Every Thursday, Madeline Comes Back
A child who once had to grow up early is now the teacher preparing the next generation to thrive.
On Thursday afternoons at Agua Viva, M:25’s campus in Quito, a room full of children watches a giant purple crayon come to life in Madeline’s hands. She’s twenty-one — steady and warm at the front of the room — and the kids lean in like she’s the most trustworthy person they know. Watch her for five minutes, and you’ll see it: this is exactly where she belongs.
It didn’t start out looking that way.
A family with strength of its own
Madeline’s family is Shuar, from the eastern Amazon region of Ecuador. When they first arrived in Quito, her mother spoke only Shuar — not Spanish — and had little formal schooling and few resources. What she had was determination. She worked any job she could find to keep her children moving forward, and she trusted a community she was only beginning to know with the people she loved most.
That trust brought the family to our Agua Viva campus about eleven years ago. One of Madeline’s younger brothers joined our after-school program first. Madeline followed soon after — and became one of the very first young people in Agua Viva’s brand-new teen program.
The year everything got heavier
When Madeline was still a teenager, her father died suddenly.
Grief reshaped the whole household. Her mother wasn’t prepared to cope, and much of the responsibility fell to Madeline. Still a teenager herself, she helped hold her family together and helped care for her younger sister. For a while, she was a child raising children.
She could have disappeared into that role. A lot of kids do.
Seen, safe, loved
What changed her trajectory was people who helped hold the family together.
Through the hardest stretch, Project M25 stayed close — sitting with her in the grief, walking with her spiritually and personally, and telling her something she needed to hear out loud: you can study, you can do this, you have a future.
She was seen in her grief. She was kept safe inside a steady community when home was anything but. And she was loved enough to start believing them.
The return
Her path still wasn’t a straight line. Madeline reached university — then had to step away when the funds weren’t there. It was the same scarcity that had followed her family for years, and it stung.
But this time she didn’t vanish. She came back. She returned to our Bible study in the evenings because, in her own words, she needed God again. And out of that return came something nobody assigned to her: she asked to start volunteering with the children. Every Thursday.
She’s been showing up ever since.
From surviving to thriving
The girl who once had to grow up early has become a leader whom other people follow. Those who’ve known her since she was a teenager say she was always the kind of person who tried to take the load off others.

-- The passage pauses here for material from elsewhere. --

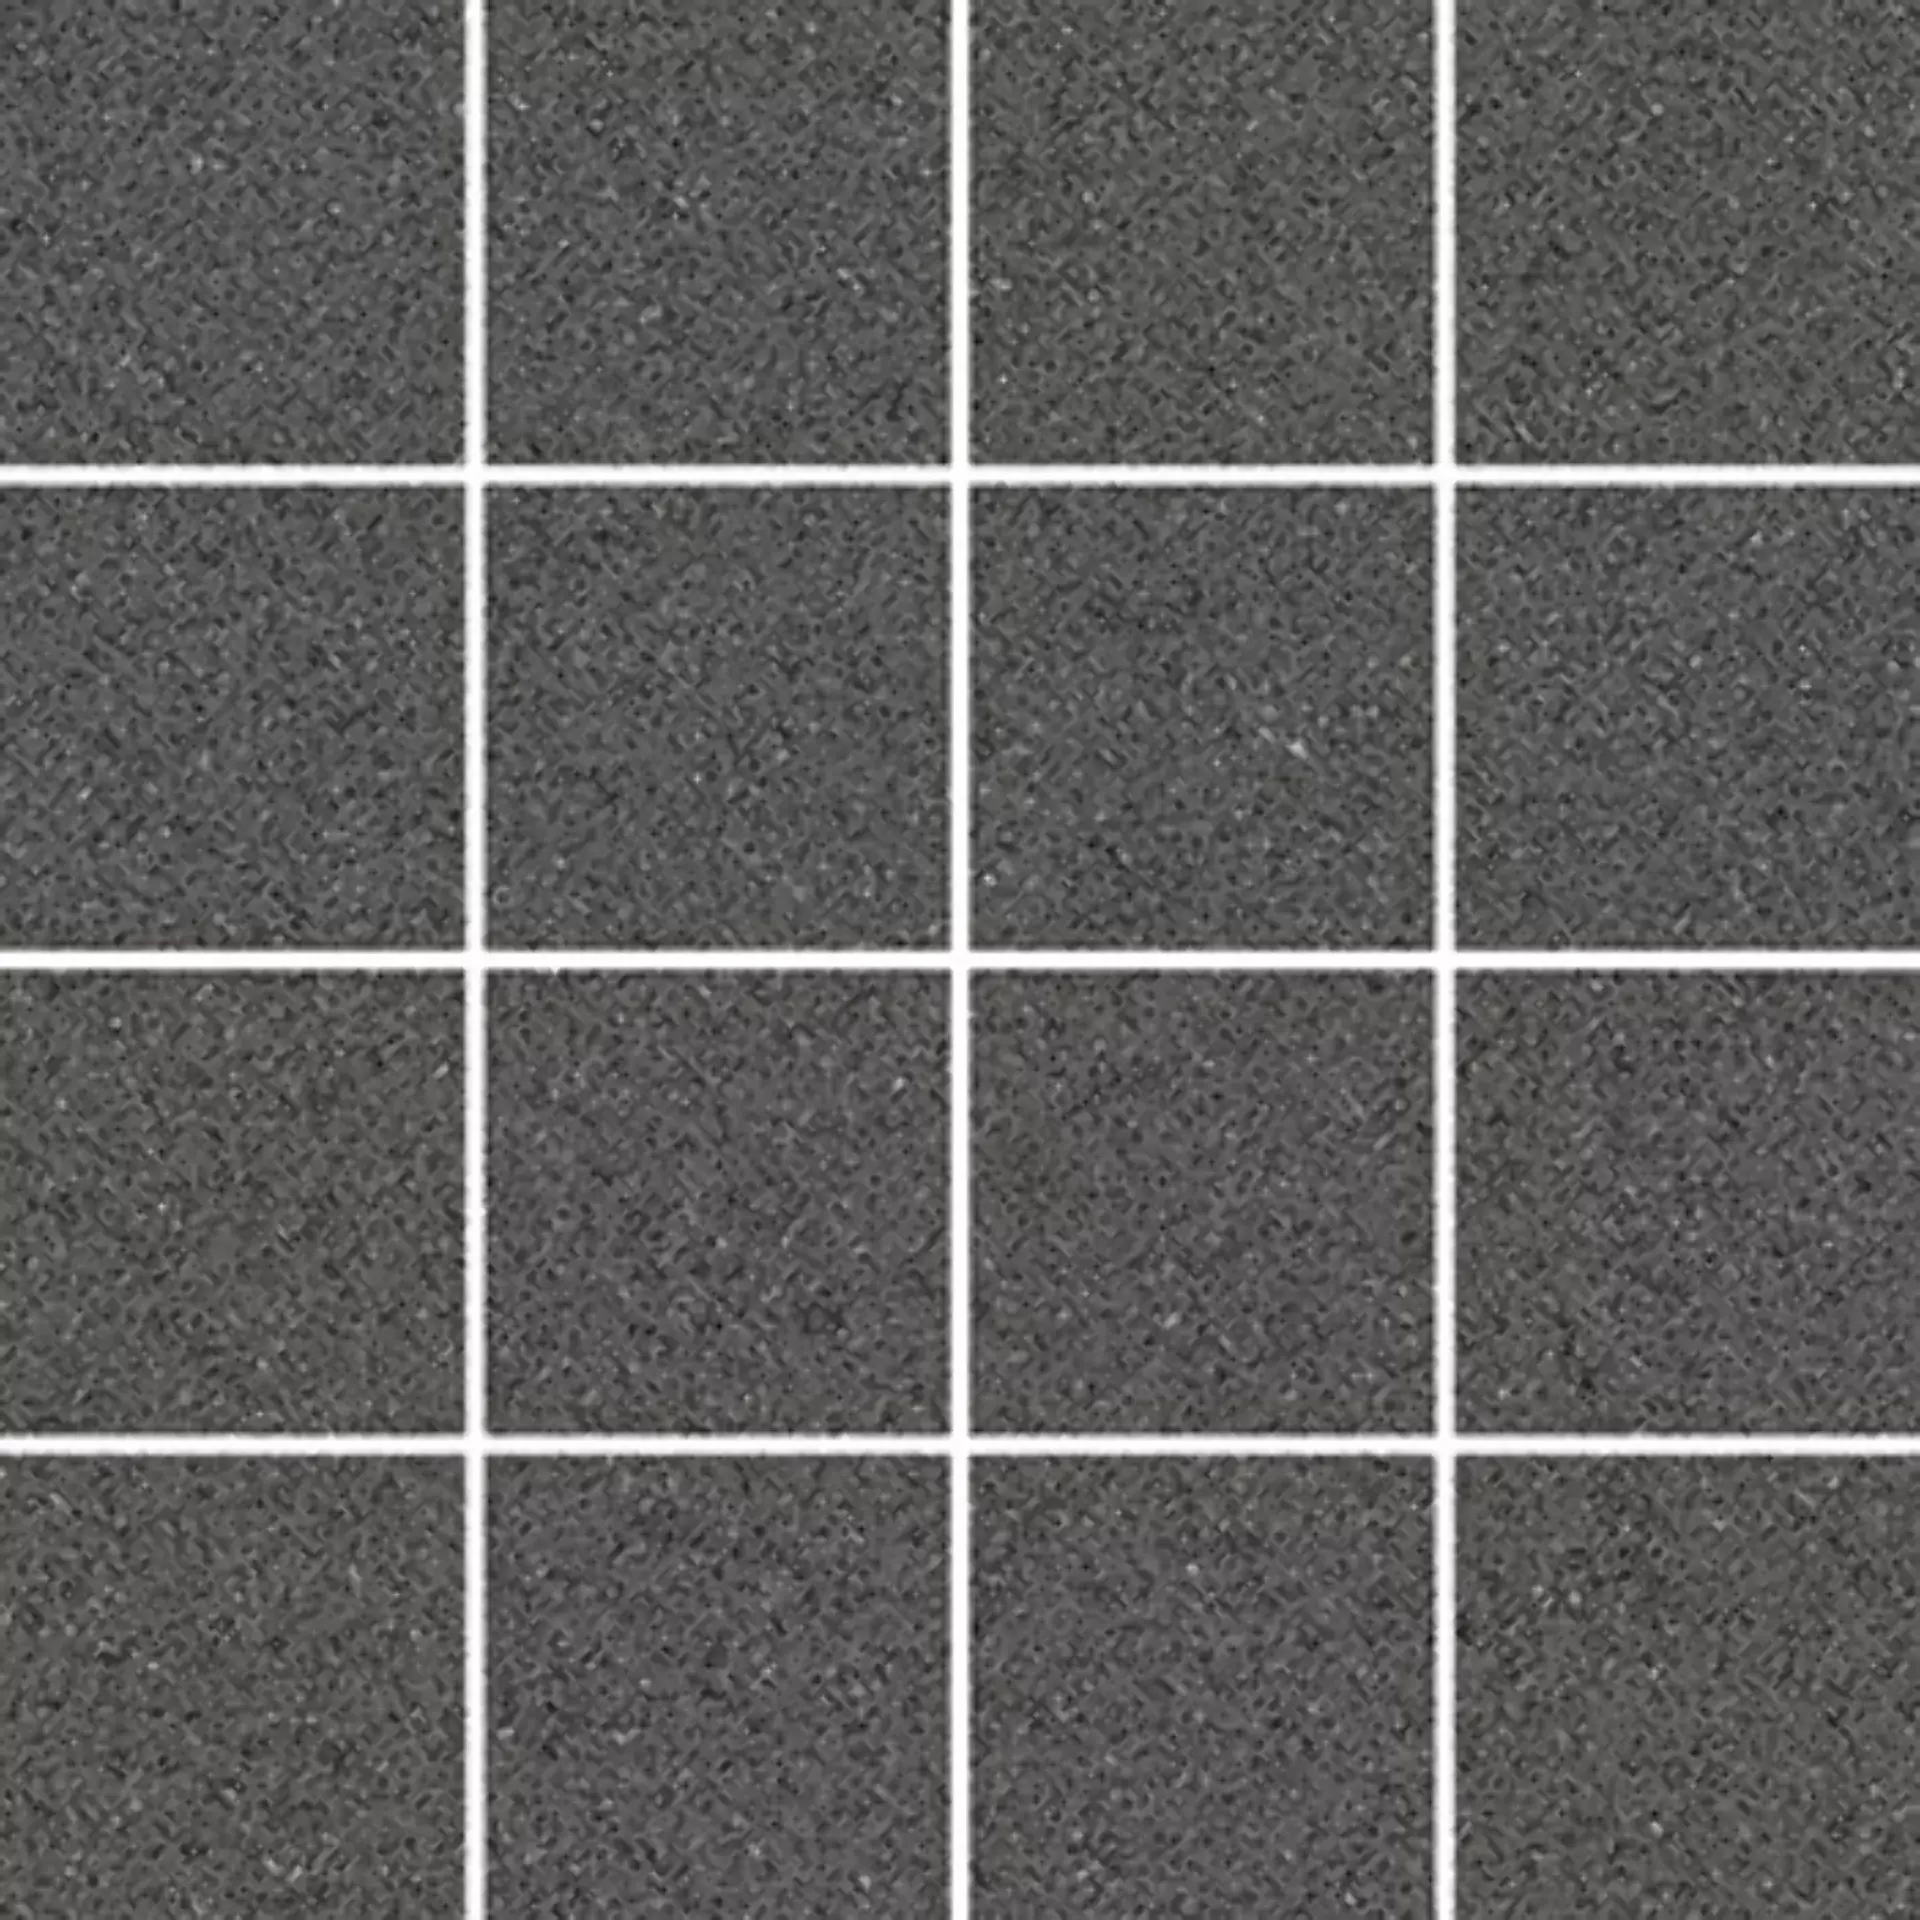 Wandfliese,Bodenfliese Villeroy & Boch Pure Line 2.0 Asphalt Grey Matt Asphalt Grey 2013-UL90 matt 7,5x7,5cm Mosaik (7,5x7,5) rektifiziert 12mm

“She’s the kind of person who quietly takes the load off someone else and carries it herself — a leader since she was a teenager.”
Now she’s pointing that gift at the next generation. She mentors children every week. She’s most of the way through her studies in early-childhood education, with about a year to go. And she’s begun to say a bigger dream out loud: seminary, and a life of ministry — coming back to do for the next child exactly what someone once did for her.
You can already see it multiplying at home. Her younger siblings are thriving in their own faith now; the youngest recently joined the church choir and credits her big sister for what she’s learned. One healed child, it turns out, tends to heal others.
The next chapter — and where you come in
Madeline’s seminary dream has a name and a path: a Thrive Scholars scholarship for when she finishes her current studies. It’s the difference between a calling she carries quietly and a calling she gets to live.
This is what M:25 exists to make possible — not to be anyone’s hero, but to walk alongside young leaders like Madeline as they rise, and to prepare them to prepare others. From surviving to thriving. One Thursday at a time.